I was deeply moved by the yearrnings of
the Russian poetess. The died man whom she mourns over
is a solitary fighter, who harshly criticizes existing
society. The following is a brief account of her life.
--Hanson

Anna Andreevna Akhmatova (1889-1966)

"Anna Andreevna Akhmatova used poetry to give voice to
the struggles and deepest yearnings of the Russian
people, for whom she remains the greatest of literary
heroines.
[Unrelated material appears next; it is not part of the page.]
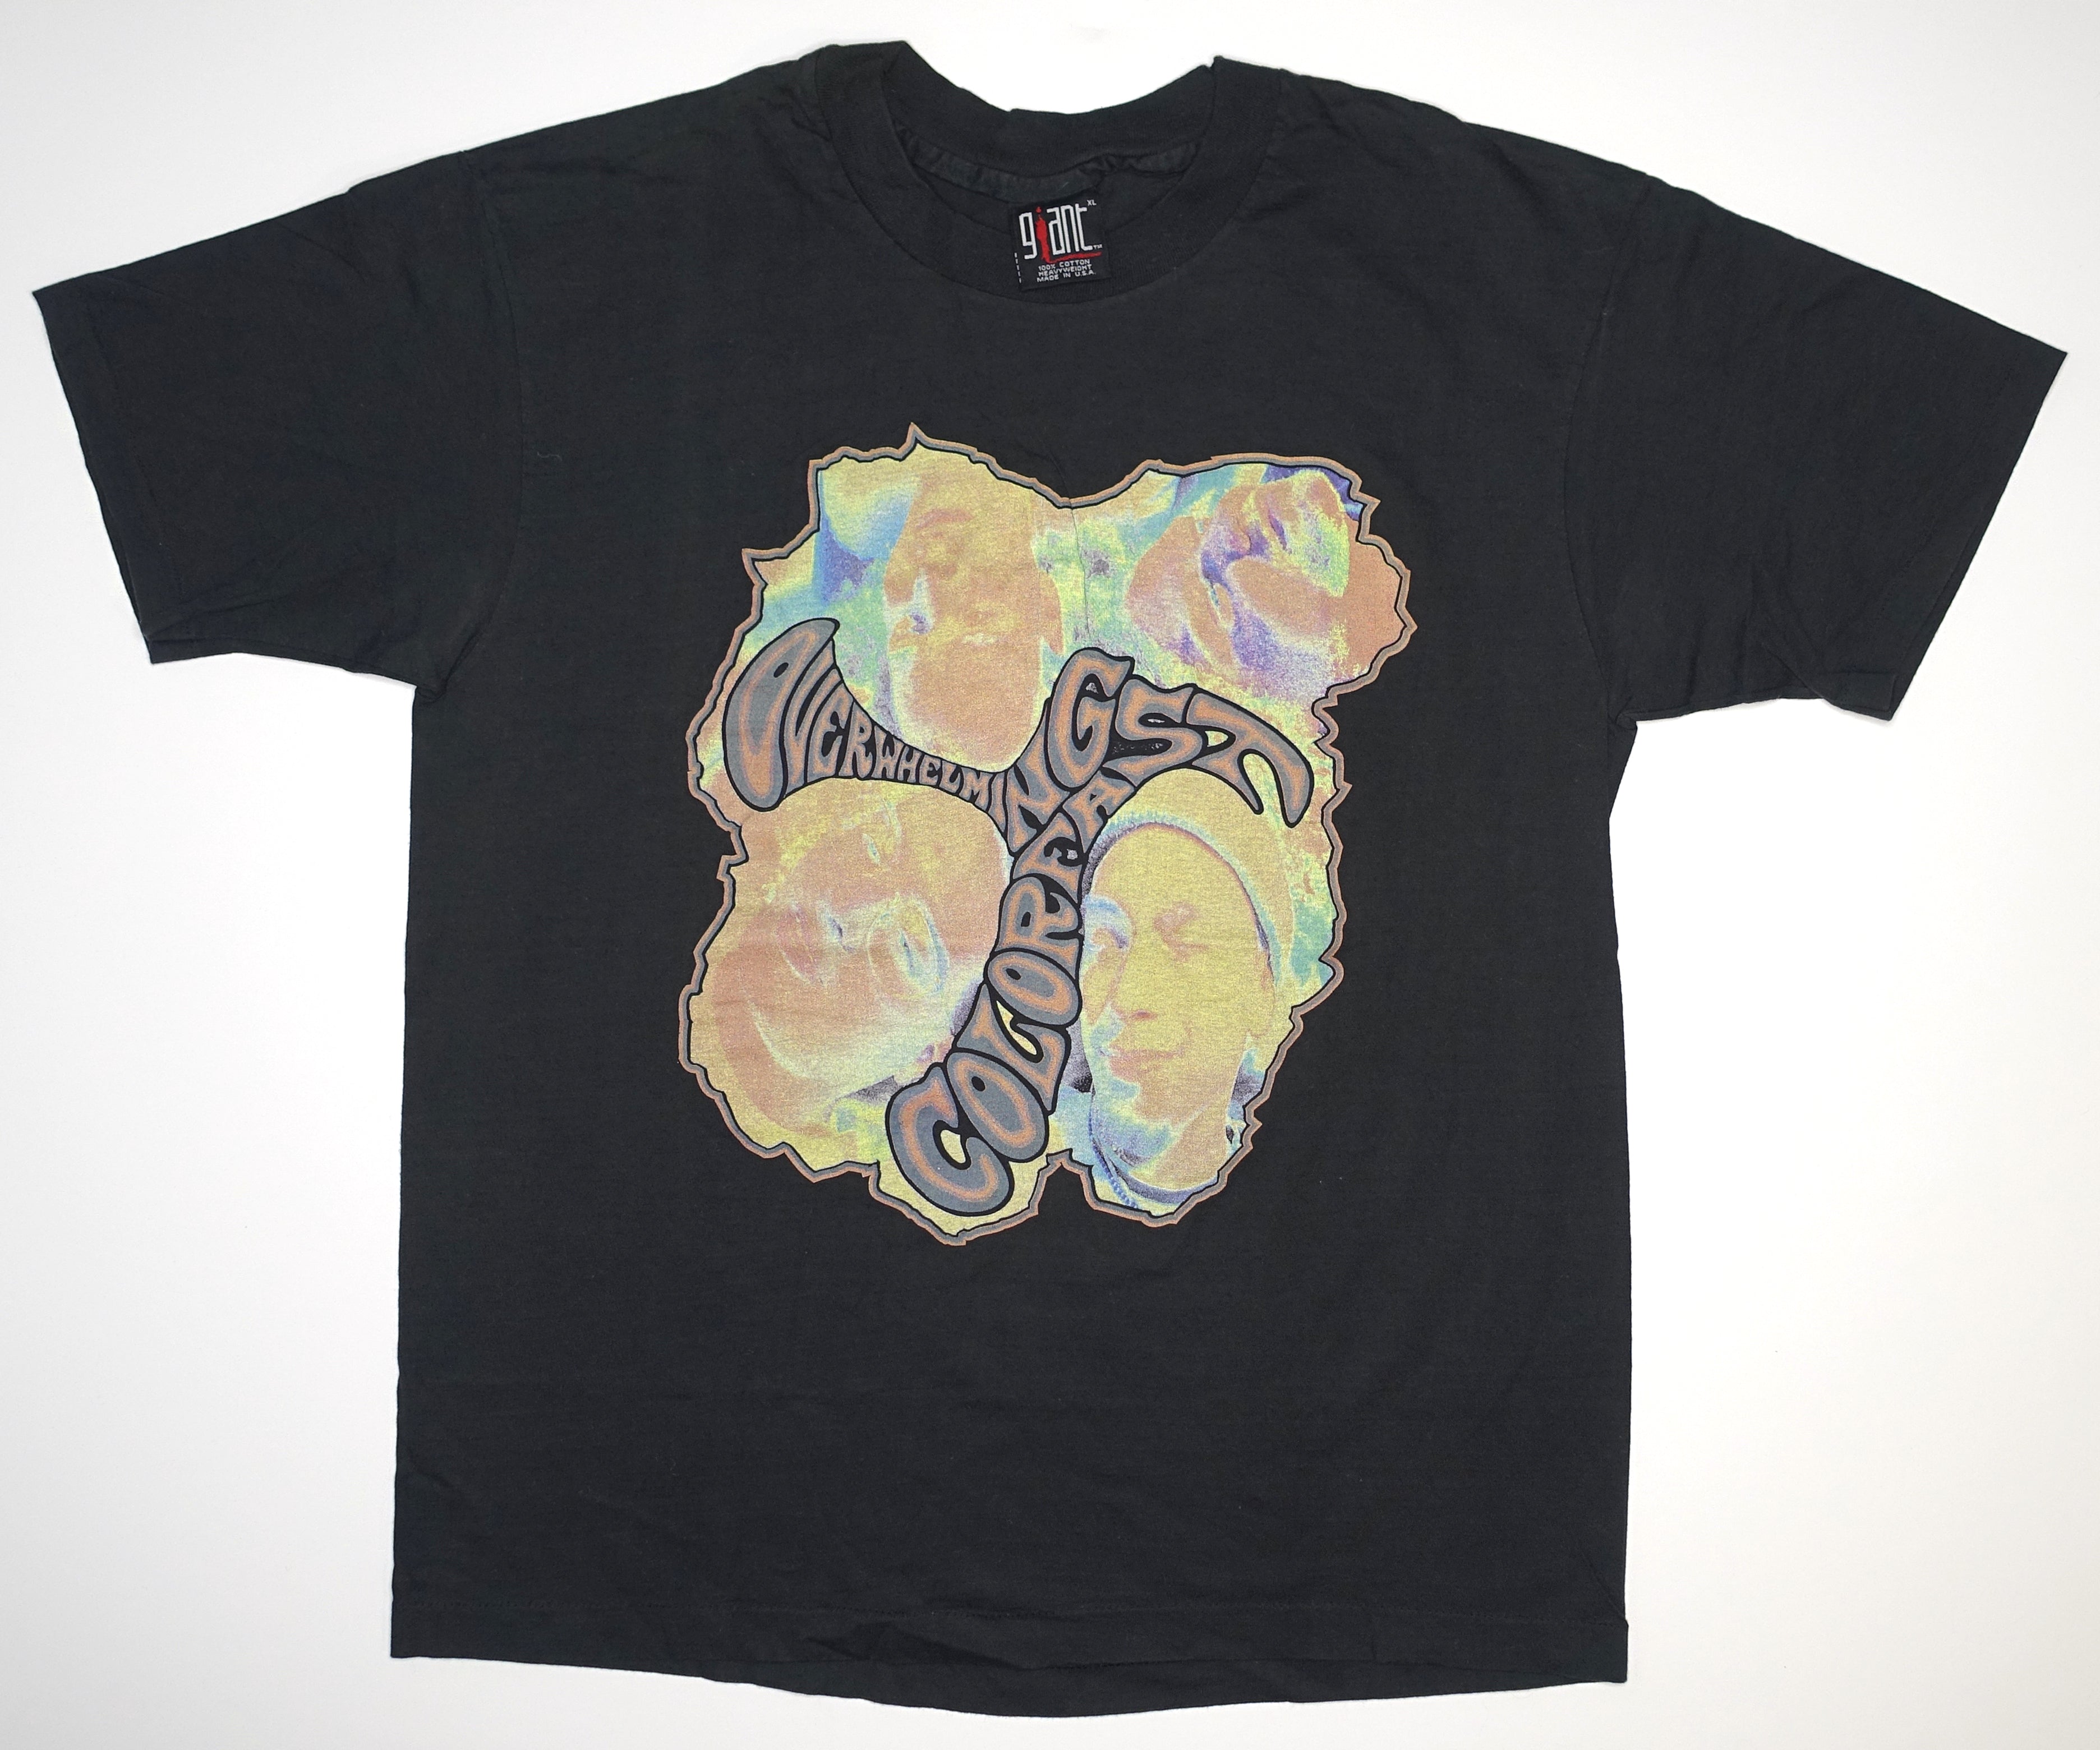 Overwhelming Colorfast - Overwhelming Colorfast 1992 Tour Shirt Size XL

She has lately come to symbolize for the
world even beyond Russia the power of art to survive
and transcend the terrors of our century."

Judith Hemschemeyer, A Stranger to Heaven and Earth


Translated by Stanley Kunitz and Max Hayward

Read by Stanley Kunitz

Here is my gift, not roses on your grave,
not sticks of burning incense.
You lived aloof, maintaining to the end
your magnificent disdain.
You drank wine, and told the wittiest jokes,
and suffocated inside stifling walls.
Alone you let the terrible stranger in,
and stayed with her alone.

Now you're gone, and nobody says a word
about your troubled and exalted life.
Only my voice, like a flute, will mourn
at your dumb funeral feast.
Oh, who would have dared believe that half-crazed I,
I, sick with grief for the buried past,
I, smoldering on a slow fire,
having lost everything and forgotten all,
would be fated to commemorate a man
so full of strength and will and bright inventions,
who only yesterday it seems, chatted with me,
hiding the tremor of his mortal pain.